For example, if a model makes a simulation of the future climate every ten years for one hundred years, that calculation consumes 10 times less computer time than making a simulation every year for one hundred years. Current models run at time resolutions as fine as a few minutes, so the number of calculations needed to project to 2100, for example, is enormous.
All the major climate research institutions—NASA, NOAA, and NCAR in the United States and the Hadley Center in the United Kingdom—have very large computer facilities dedicated to making predictions. Significant efforts have been made in model intercomparison, running suites of models under specified conditions and diagnosing differences in output, so models can be more consistent in their performance. Nevertheless, climate model outputs are destined to be approximations that predict changes in an idealized world, and idealizations will differ from one model to another.

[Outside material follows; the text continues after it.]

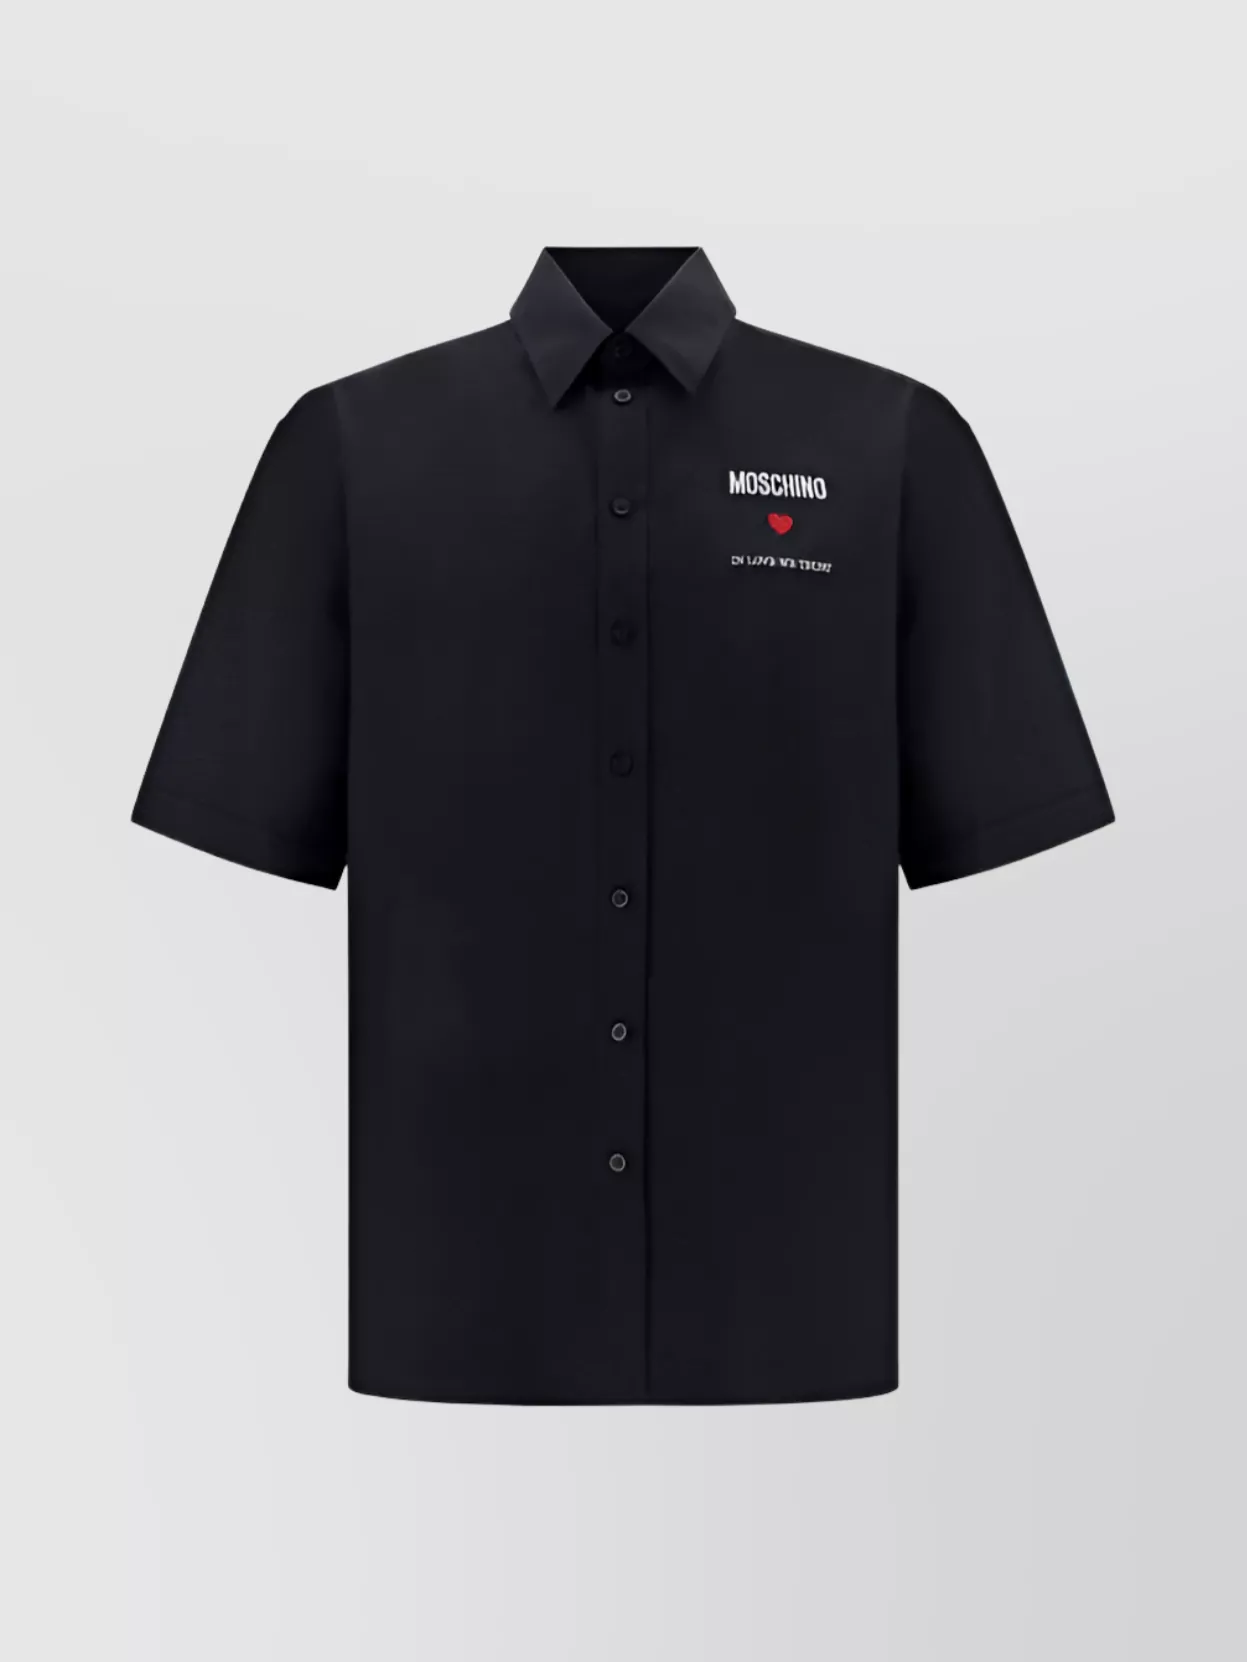 Moschino Short Sleeve Shirt In Black

Surely there is only one correct climate model. That would be ideal, but no agreement exists today on that model. This is somewhat akin to evaluating search engines. We are all familiar with searching on keywords. But if you use the same keyword with different search engines, you will get different answers, at least after a page or two of searching. Why? The search algorithm associated with each search tool is different, maybe not hugely different but different enough to give varied answers. And those answers become more different as the search progresses. The first ten results of a keyword search by different tools may be quite similar, but after the fiftieth search the results will look quite different—not unlike the way climate models diverge more as they predict farther into the future. Is there one correct way to search? Probably not.
How Predictions Are Made
A typical model scheme can be depicted as a cascade, or sequence, of steps as shown in figure 4-2. The model itself is shown shaded.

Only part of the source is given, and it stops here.